Havana/The recent capture of Nicolás Maduro has once again put the close and opaque relationship between Caracas and Havana in the spotlight. In this context, a source with access to the documents from the trial against Alejandro Gil Fernández – former deputy prime minister and former Minister of Economy of Cuba – has provided 14ymedio details of the provisional conclusions of the Attorney General’s Office (FGR), where Gil was accused, among other crimes, of espionage in favor of the United States intelligence services, with alleged strategic damage to the relationship with Venezuela.
According to the report signed by Edward Roberts Campbellchief prosecutor of the Directorate for Combating Corruption and Illegalities, Gil would have delivered to “an unidentified agent, but presumably belonging to the CIA,” classified information that compromised “Venezuelan national security.” The document maintains that it was sensitive data on political, economic and military cooperation between Cuba and the Maduro regime.
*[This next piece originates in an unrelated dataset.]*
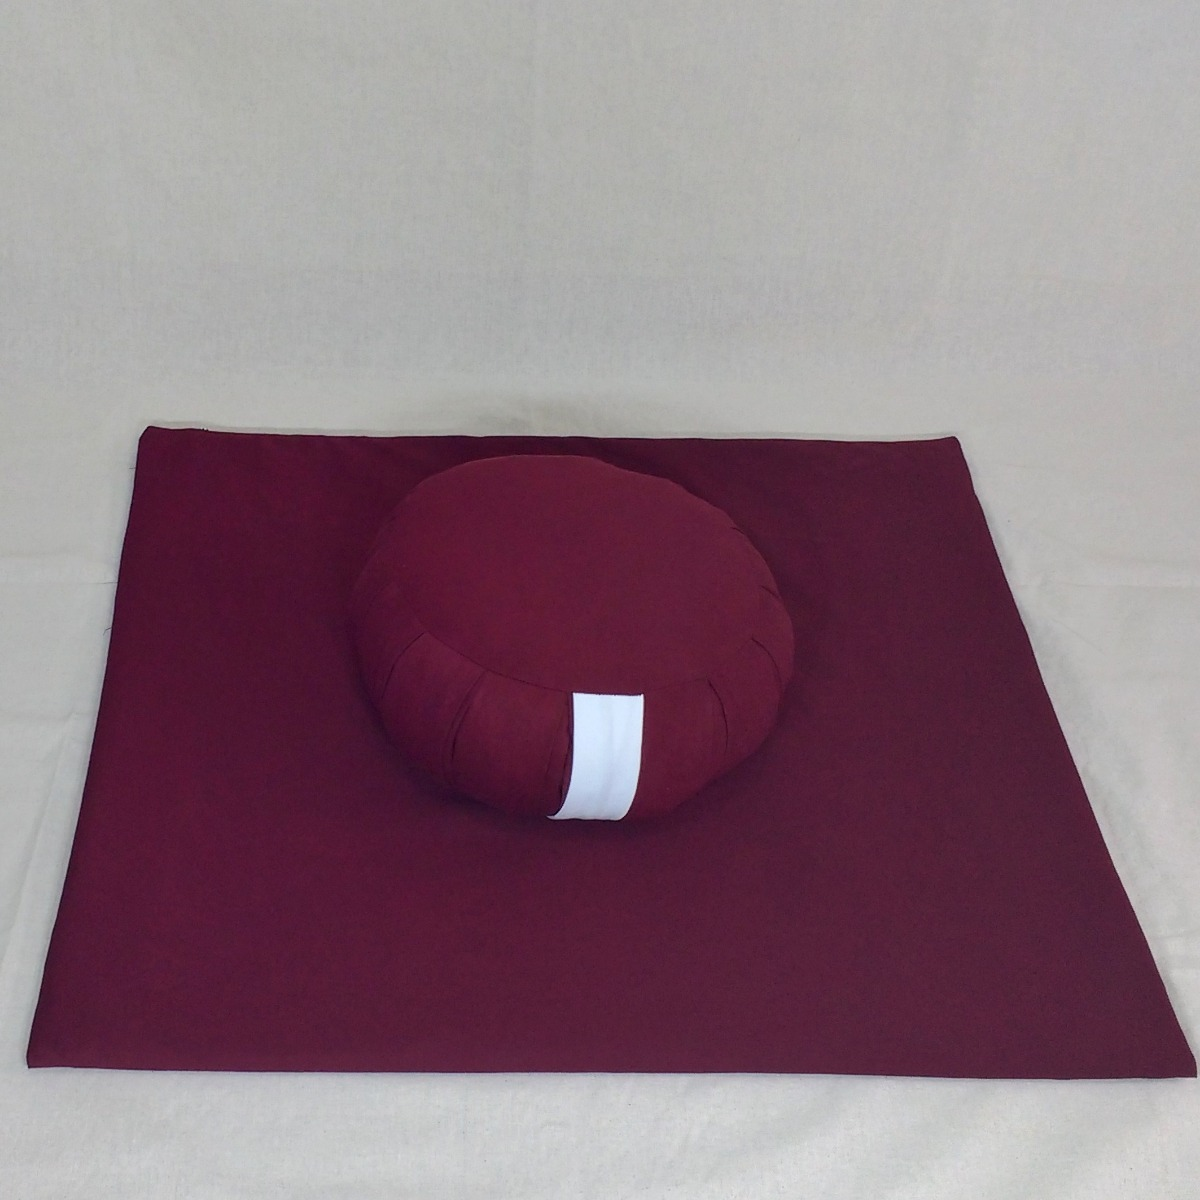 zafu zabuton almofadas de meditação zazen bordô tibetano r

Among the leaked information are economic transactions between Cuba and Venezuela, the location of financial reserves, commercial agreements linked to oil exchange and the sending of Cuban medical brigades, as well as triangulation schemes of financial operations and names of foreign agencies involved in the final destination of Venezuelan crude oil.
The accusation also included the support of the Cuban Government in terms of cybersecurity and counterespionage to the Venezuelan intelligence services, and personal data of Nicolás Maduro himself. According to the source, Gil would have provided information about the president’s family, his home, his assets in Venezuela and abroad – including Cuba -, including very sensitive details about the Chavista leader’s security ring made up of several dozen Cuban soldiers belonging to the Ministry of the Interior and the Revolutionary Armed Forces.
/ X / Nicolás Maduro
“These acts are considered a betrayal of the trust placed in him by the Cuban Government and, specifically, by State Security,” said the accusation, which describes the conduct as espionage in favor of the US intelligence services, with the aim of “undermining Venezuelan sovereignty and overthrowing its legitimate president through a coup d’état.”
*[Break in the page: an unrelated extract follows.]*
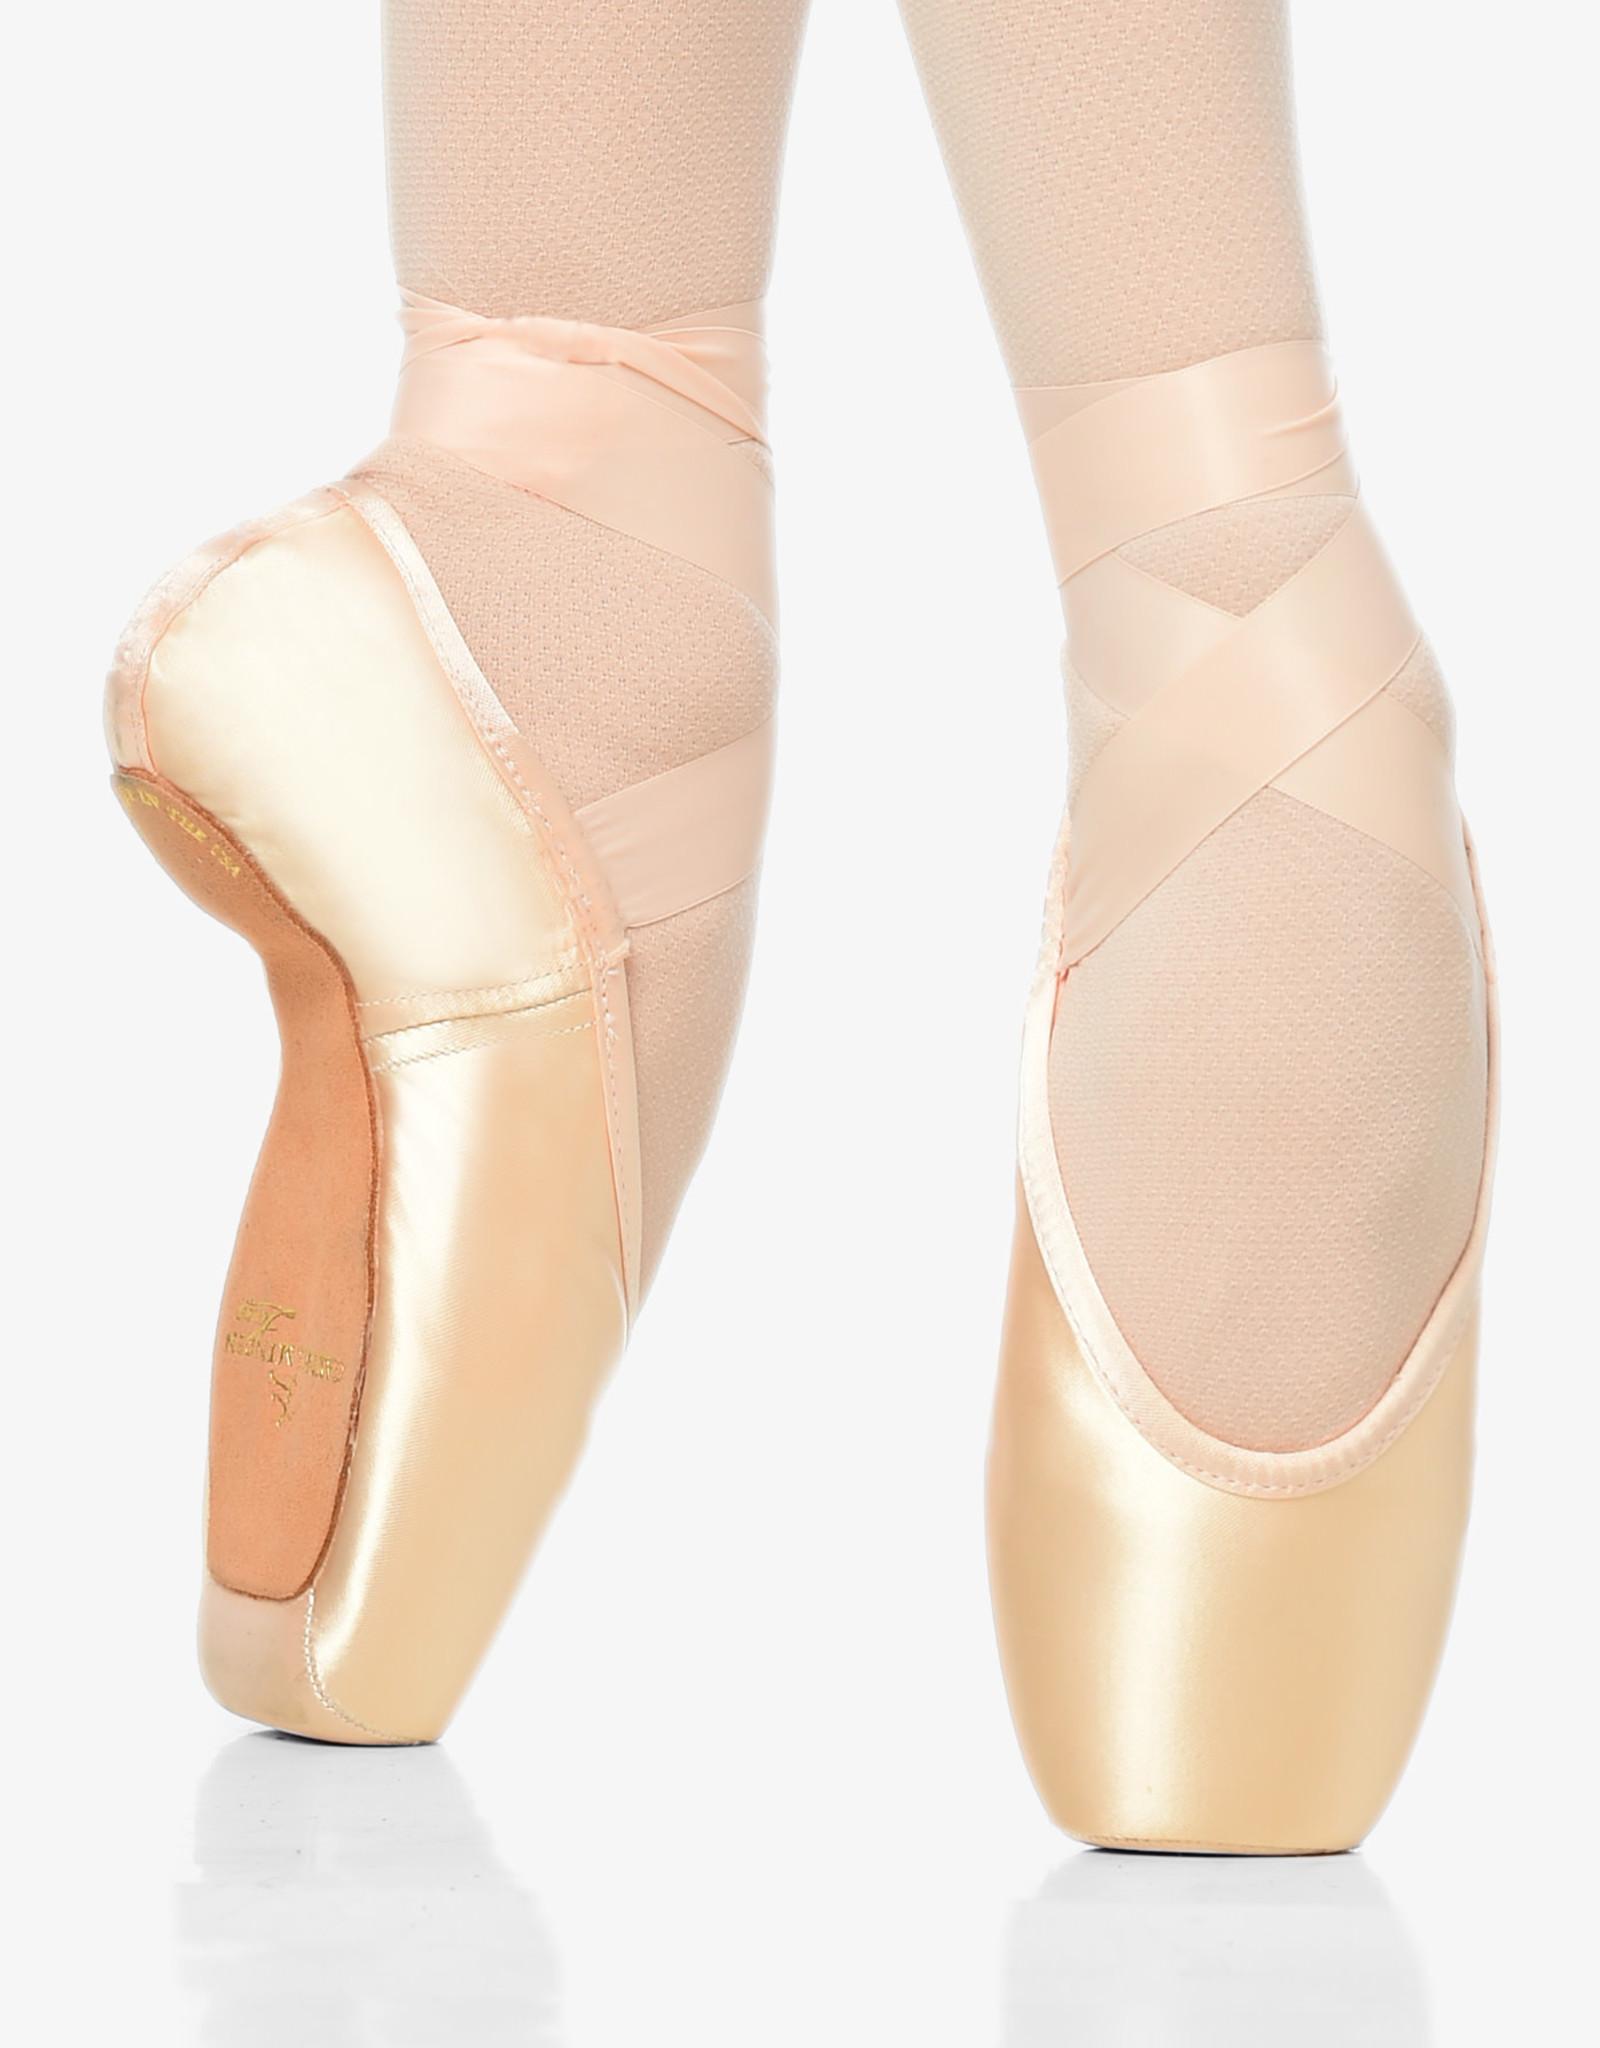 Gaynor Minden Sculpted Fit Supple Shank Pointe Shoe

However, the very development of the case reveals contradictions that are difficult to ignore. According to the testimony to which he had access 14ymedioit was initially planned that it would be Miguel Díaz-Canel who would meet with Maduro in August 2022, as part of a presidential tour of several countries in Latin America and the Caribbean. However, it was State Security that recommended that Gil attend instead.
“It was argued that, due to his performance and the high trust placed in him as a cadre of the Revolution, he deserved that meeting,” explains the source, who adds that the visit should be used for meetings with other high-ranking Venezuelan officials, including the Minister of Economy. The decision is striking, given that a meeting between heads of state is not usually delegated to a sectoral minister.
State Security had been investigating Gil for at least four years, which would place suspicions since 2020
The source clarifies that he only had access to the prosecutor’s accusation and that he does not know if the alleged espionage on the Venezuelan matter was proven during the trial. “I cannot say whether these events were brought to trial with conclusive evidence or whether it was proven that Gil handed over sensitive information about Venezuela to the CIA,” he says. Nor does he have details on the basis of the sentence to life sentence issued by the Supreme Court.
The chronology of the case reinforces the doubts. Official programs such as Reasons for Cuba They have maintained that State Security had been investigating Gil for at least four years, which would place the suspicions since 2020. Even so, in August 2022 Gil met with Maduro at the Miraflores Palace, a meeting that was widely reported by the official Cuban and Venezuelan press, and publicly celebrated by the Chavista president himself on social networks.
Months later, in November of that same year, Gil accompanied Díaz-Canel on a tour of China, Algeria, Russia and Türkiye. In July 2023, he was also authorized to travel to New York as the sole representative of Cuba before the UN General Assembly. “If there were solid signs of espionage, these decisions do not hold up from a counterintelligence point of view,” the source points out.
The trial of Alejandro Gil, far from clarifying the facts, reveals a plot where Venezuela, Maduro and Cuban security are intertwined in a story full of gaps. Today, after the capture of the Chavista leader, these gaps weigh more than ever. Because if Gil was a spy, he was so with an inexplicable freedom; and if he was not, his conviction reveals how far a system can go when it needs a visible culprit to protect those who operate at the heights of power.